第二天,一个噩耗传到了我家里:太爷爷死了!
当我们赶过去时,太爷爷的尸体就飘在村子下游的河里。
可诡异的是,他的尸体既没有下沉也没有上浮,更不曾被湍急的水流冲走,丝丝鲜血不断从他的身上渗出。
他头朝上脚朝下立在水中,未曾闭上的双眼始终看着河边的方向。
几个好心的村民撑着船想把他的尸体捞上来,可尸体在水中纹丝未动,直到爷爷跪在岸边朝他连磕了三个头,才缓缓从水面浮出。

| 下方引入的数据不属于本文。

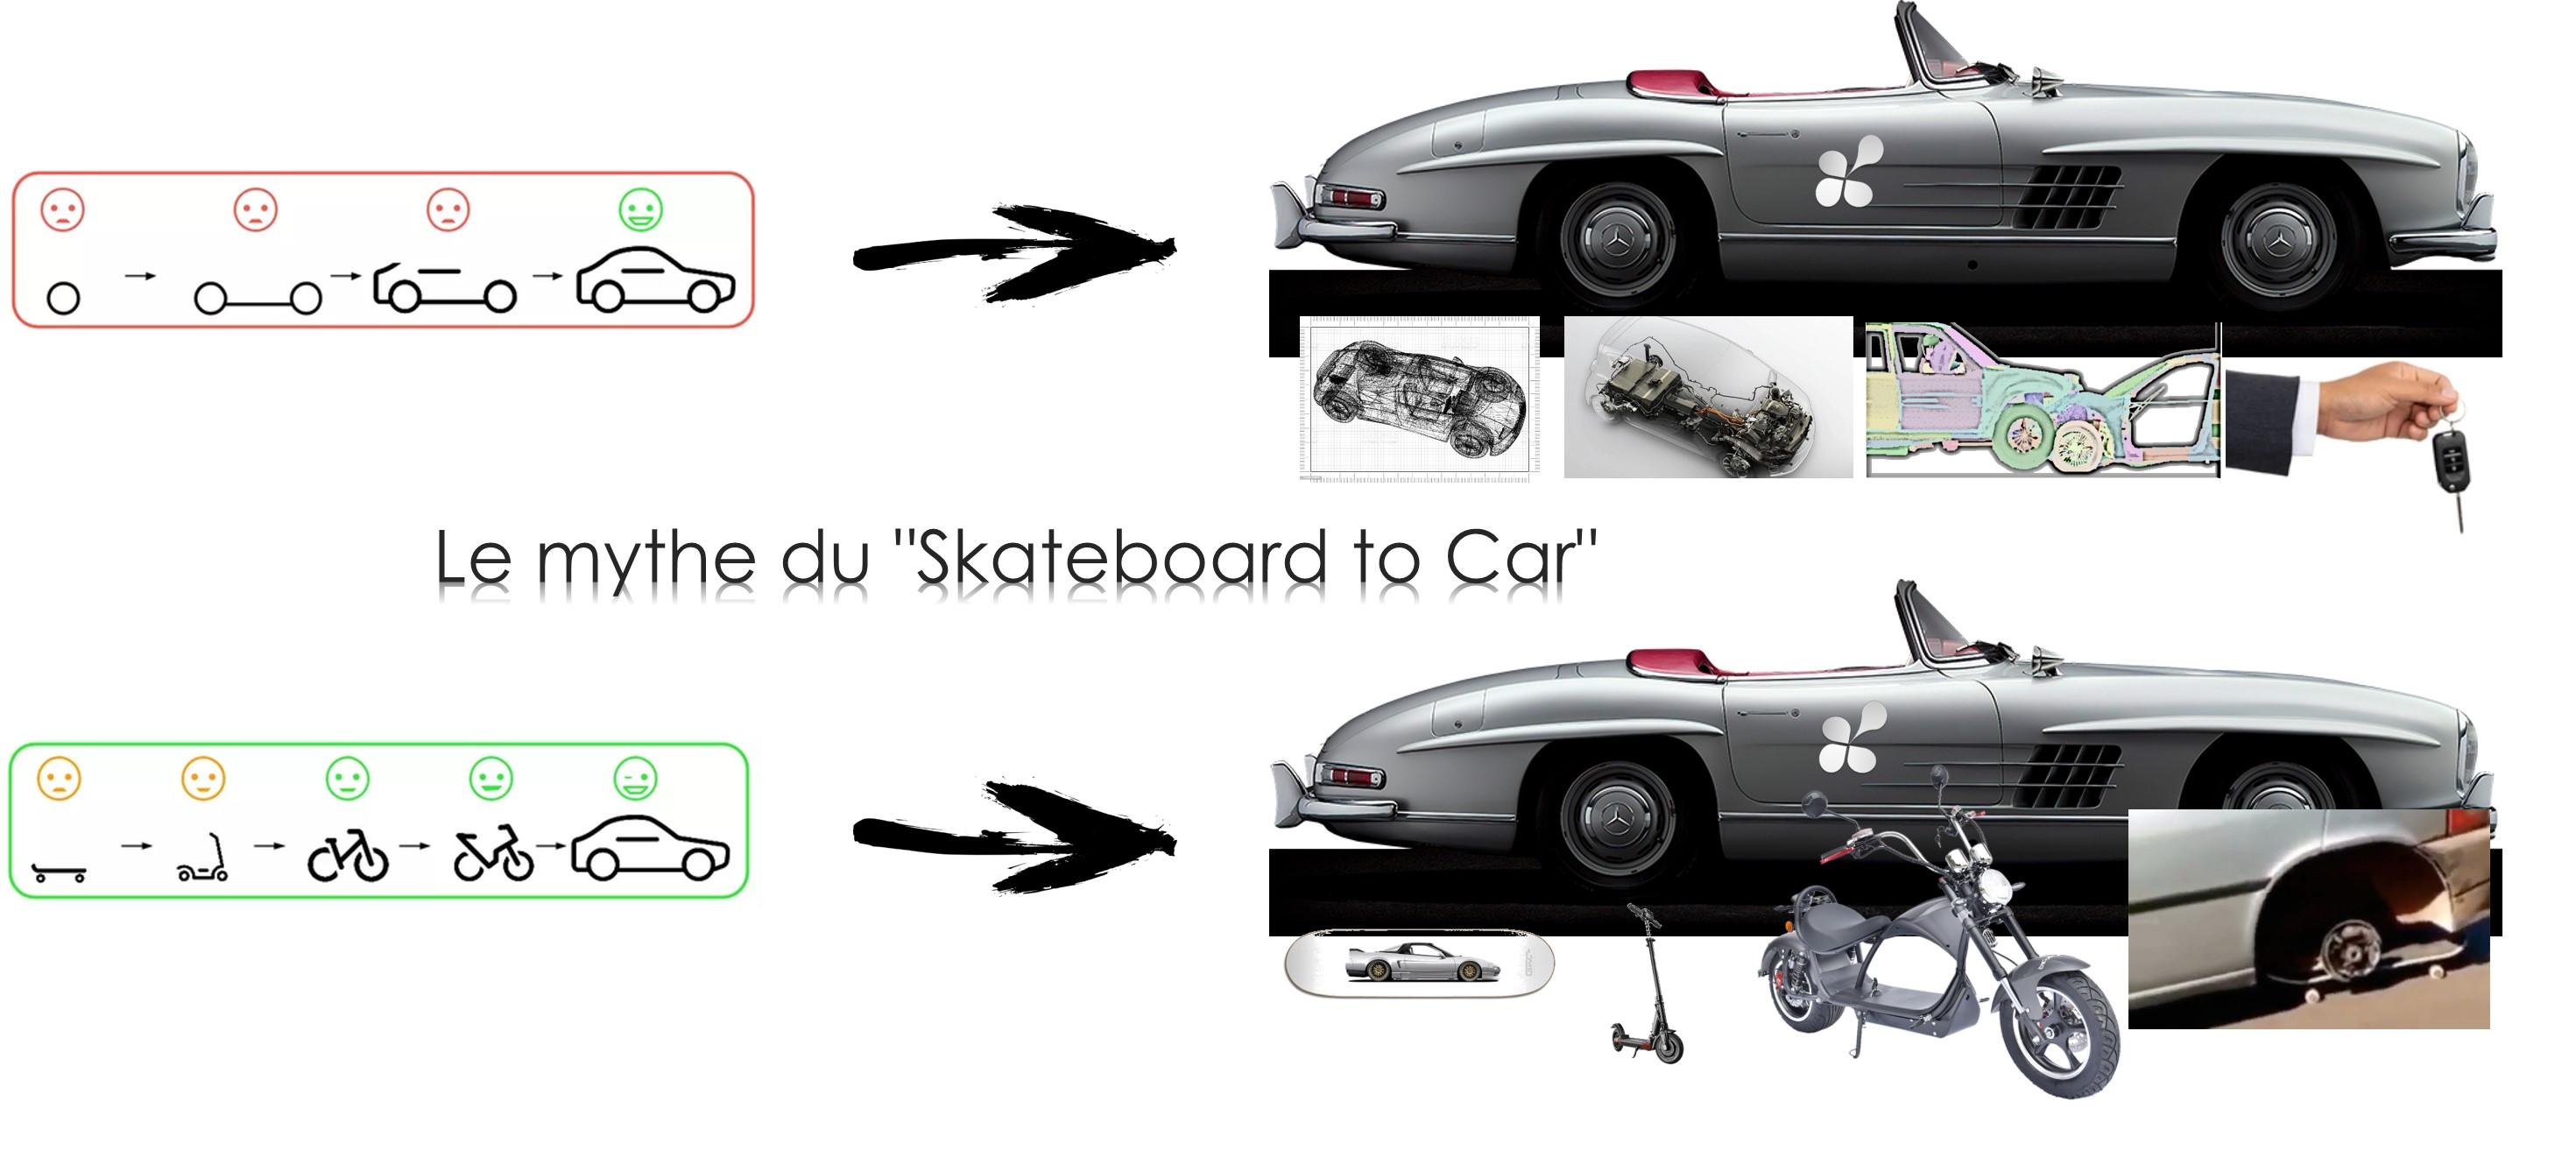 mythe du Skateboard to Carjpg
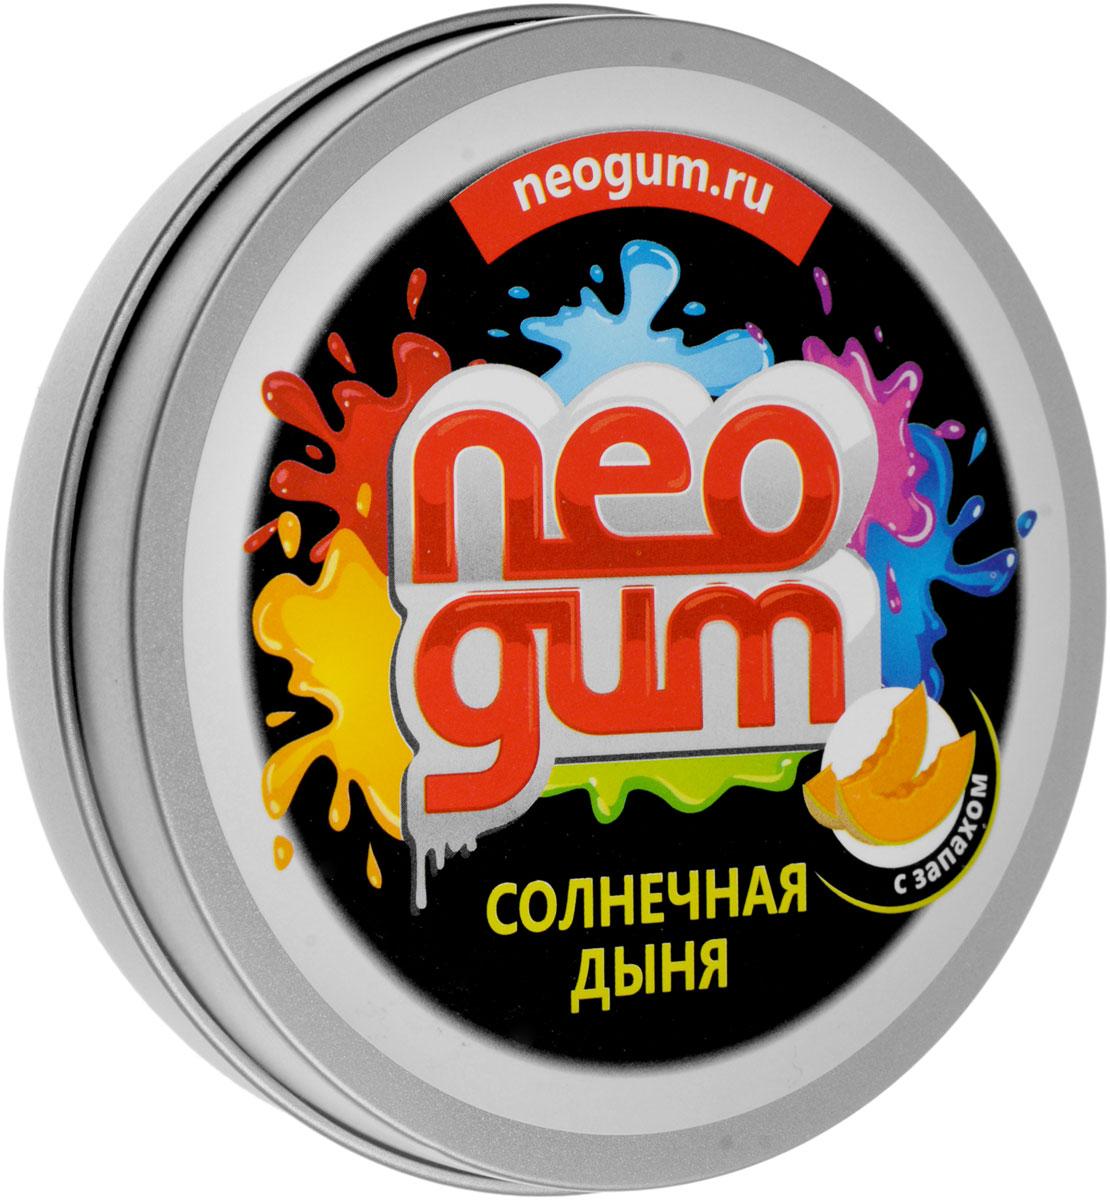 Neogum Жвачка для рук Солнечная дыня жвачка для рук меняющая цвет

就这样,太爷爷的尸体被抬回了家中,躺在了堂屋的草席上。
爷爷没有落泪,也没有撕心裂肺的哭嚎,因为早已预料到了这一天,而年过花甲的他,也逐渐将生死看得淡薄。
也不知是这几天对死人司空见惯,还是我本就生性木讷,看着最心疼我的太爷爷成了一具冰冷的尸体,我也没有发出一声哭泣。
趁着爷爷出门置办棺材的工夫,我抬起了太爷爷的一只手,将他不断向外流淌的血水接到了碗中。
做完这些后,我没有再去搭理太爷爷的尸体,端着这碗血水跌跌撞撞出了门。
顺着太爷爷死时所望的方向,我一路来到了坟山。
坟山,是附近村里老人的埋坟之地,我早已记不起这座山本来的名字,可我只知道,从此以后这儿又要多添一座新坟。